US 12,422,580 B2
Physics-based and data-driven integrated method for rock burst hazard assessment
Wu Cai, Xuzhou (CN); Qiang Lu, Xuzhou (CN); Siyuan Gong, Xuzhou (CN); Anye Cao, Xuzhou (CN); Xuming Zhu, Xuzhou (CN); Xiang Ma, Xuzhou (CN); and Linming Dou, Xuzhou (CN)
Assigned to CHINA UNIVERSITY OF MINING AND TECHNOLOGY, Xuzhou (CN)
Filed by CHINA UNIVERSITY OF MINING AND TECHNOLOGY, Xuzhou (CN)
Filed on Sep. 6, 2022, as Appl. No. 17/903,683.
Claims priority of application No. 202111337335.9 (CN), filed on Nov. 12, 2021.
Prior Publication US 2023/0152479 A1, May 18, 2023
Int. Cl. G01V 1/30 (2006.01); G01V 1/28 (2006.01); G06F 30/20 (2020.01)
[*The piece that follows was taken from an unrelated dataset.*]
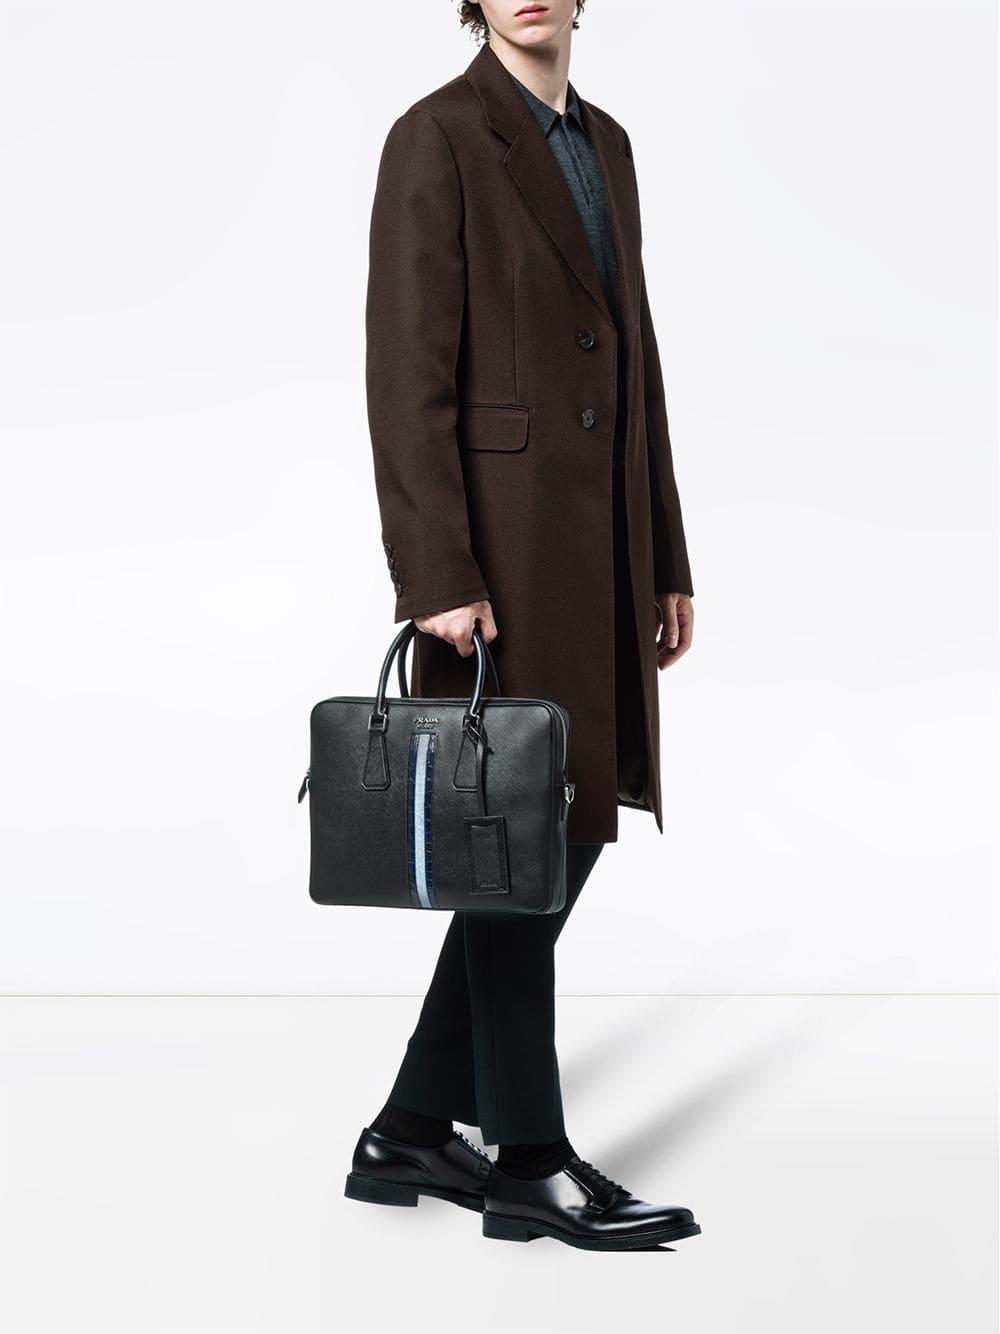 2d31f3c378c8d Prada Saffiano Leather Work Bag in Black for Men - Lyst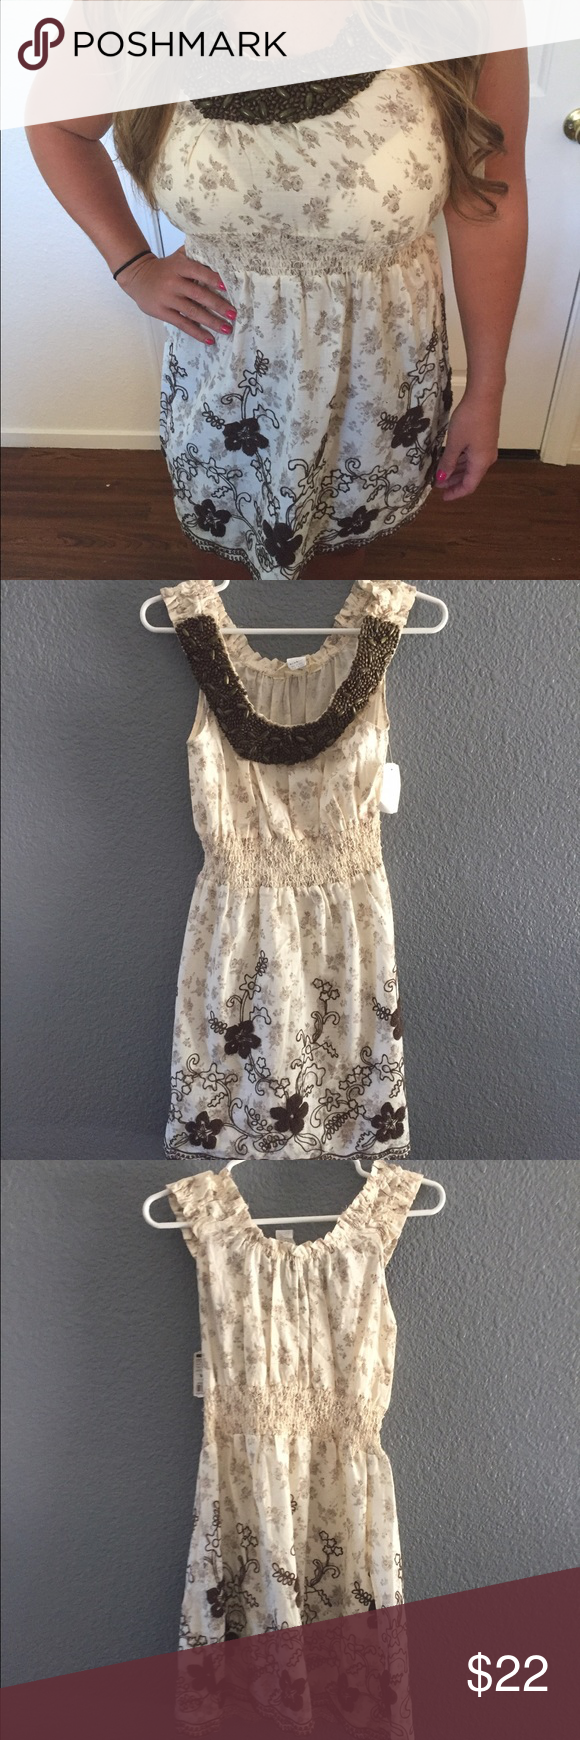 Cream beaded dress Brand new w tags Uno core Dresses Mini

CPC G01V 1/30 (2013.01) [G01V 1/282 (2013.01); G01V 2210/60 (2013.01); G06F 30/20 (2020.01)] 10 Claims
OG exemplary drawing
 
1. A physics-based and data-driven integrated method for rock burst hazard assessment, comprising the following steps:
establishing a three-dimensional model of an assessment region as mining district at one or more processors;
determining an initial stress concentration coefficient by conducting grid discretization on the three-dimensional model of the assessment region according to a certain spacing, and assigning a value to each of grid nodes using a Weibull distribution function, wherein the grid nodes are in a completely homogeneous state by default (m=0), with the value of 1;
assessing a geological structure, layout of a roadway, and advancing of a working face for the assessment region, selecting, based on the assessing, physics-based models for the grid nodes to calculate stress concentration factor values of each grid node for selected physics-based models, and conducting superposition calculation on the stress concentration factor values of each grid node for the selected physics-based models to obtain a stress concentration coefficient of each grid node under the physics-based models;
preliminarily correcting, based on seismic wave CT detection data, the stress concentration coefficient of each grid node by using a seismic wave CT detection and its derived characterization stress model;
further correcting, based on microseismic data, the stress concentration coefficient preliminarily corrected of each grid node by using a microseismic damage reconstruction stress model, and finally assessing a degree of rock burst hazard according to a size of the stress concentration coefficient value further corrected; and
receiving, at the one or more processor, seismic wave CT detection data and microseismic data detected in real time regarding the assessment region for the preliminarily correcting and the further correcting, outputting corresponding size of stress concentration coefficient value further corrected and corresponding degree of rock burst hazard in real time, and transmitting a warning signal to a monitoring and early warning cloud platform for early warning in responding to the corresponding size of stress concentration coefficient value exceeding a predetermined threshold.